Yesterday I met with the new director of the CBC, the major graduate school and non/governmental organization with which we have been working in the University of Utah’s program.  His name is Gustavo Hernandez and he moves with a snappy energy as if his tall and lanky body were made of the steel that keeps heavy trucks steady.  His sharp eyes dance across the room, although in their depths one can sense the heaviness of his new job and the desires he has to perform well and accomplish something.  It is not easy to take over a new agency and try to give it a new course and stamp.  Many of the staff are leaving in protest, but he is excited and hopeful.  We had a great conversation.  It helped that he is a fairly recent graduate from the anthropology department at the University of Texas, the same place I got my Ph.D. Being from there here is about like being from Harvard in the United States.  There is an incredible Texas good old boy network throughout Latin America, of which I guess I am a very small part.  We decided to try something new for the service learning programs here in Cuzco.  I have to spend some time thinking and writing an innovative program for him.  I look forward
to getting to know him better in future years and to tightening my connection with the CBC. 
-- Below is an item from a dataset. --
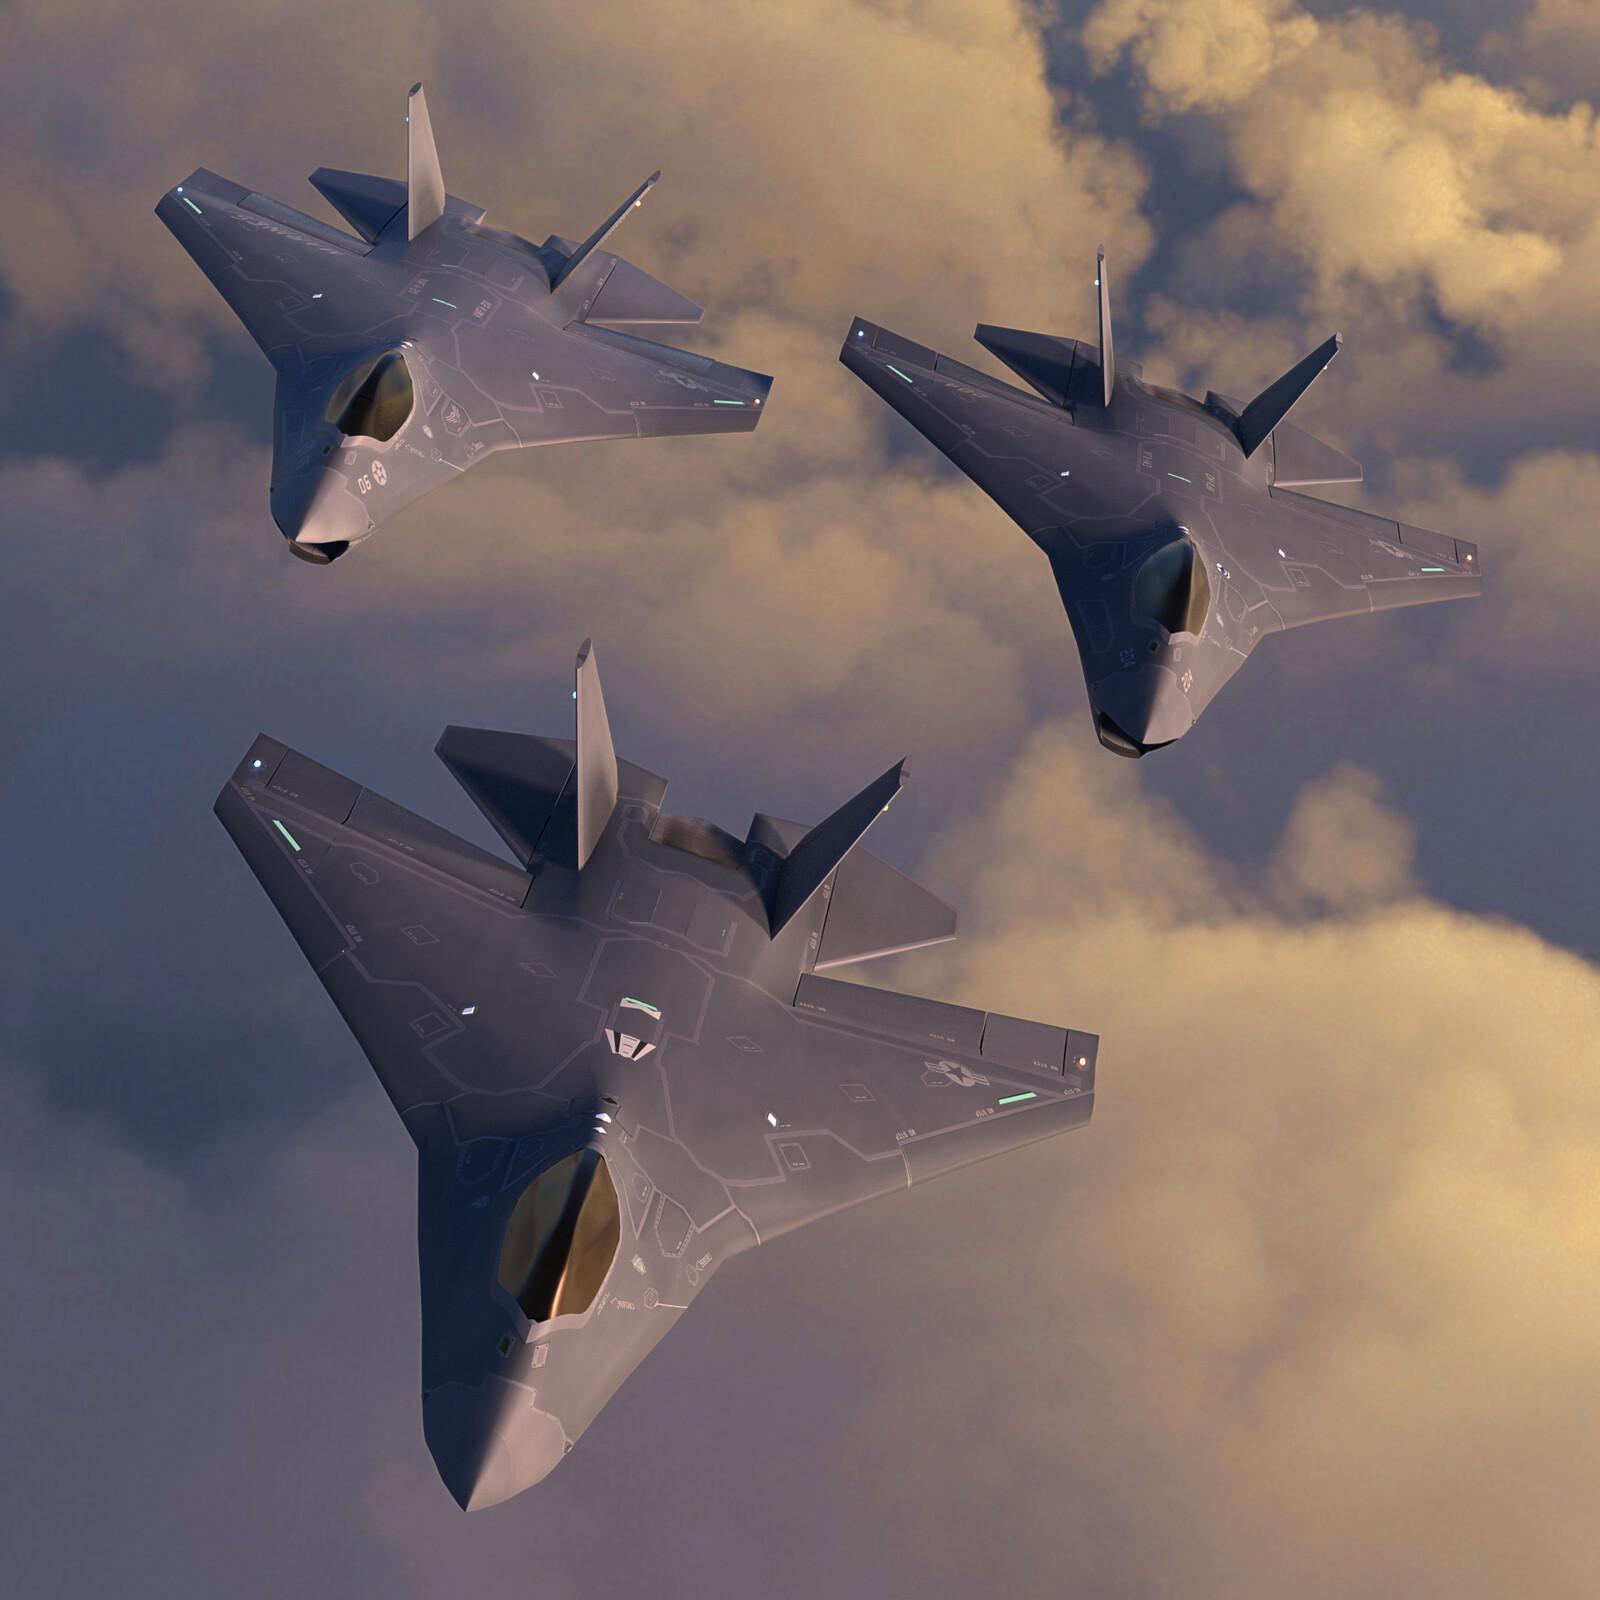 Lockheed Martin adjusts F-35 production schedules

In the shadows, just inside the very heavy, studded Colonial doors of an annex to the Jesuit’s Church, a man dressed in traditional Indian clothes sits at the side of piles and piles of exquisite weavings.  I walked in from the sun, took off my sunglasses, put on
the regular ones and said “Buenas tardes don Timoteo, allinllachu”.  “Ah Doctor” he answered as a smile spread across is lightly wrinkled face.  Timoteo is an amazing man with an amazing history.  He was an orphan from a rural, Indian community in Puno.  His family had no land.  He was one of the poorest of the poor. But he pulled himself up first by his sandal straps and later his boot straps to become mayor of a Town in Cusco called Pitumarca and a person who has been a catalyst in the revival of traditional weaving and its marketing.  He filled me in with news about Pitumarca and its people.  When I leave the internet café this morning it is to meet with him and see if I am going to Pitumarca on Saturday or if my friends are coming to Cusco.  Timoteo was going to call for me.  

In the evening, I climbed the narrow stairs of the colonial Cuesta de San Blas.  I walked by the massive Inca walls of the Archbishops palace and past many stores selling handicrafts for tourists to a large metal door, more appropriate to a garage than a house,
beneath a sign for the Sisters of Mercy, I believe.  

The more ordinary door inset in the huge metal one opened and a Colombian woman, Claudia opened her arms with a huge smile, “David, where have you been all this time.”  Claudia is the wife of a rotund and bearded Frenchman who was the former director of the CBC.  Jean Jacques had invited me over for drinks, but when I entered their second story apartment with a balcony above the building’s common, large patio, Jean Jacques was sautéing chicken and I knew I was staying for dinner.  Last time we had seen each other I had cooked for them and now they were cooking for me.  We had a wide ranging conversation for hours on anthropology, politics from all over the globe, modernization and globalization, art and literature, until the clock seemed sluggish with the heavy numbers it had to bear.  All the time there was a painting of an angel on the wall whose look seemed to bring support and sanction for our conversation while candlesticks with the sacred Inca Sun, star, and moon slowly disappeared under the weight of melting white wax.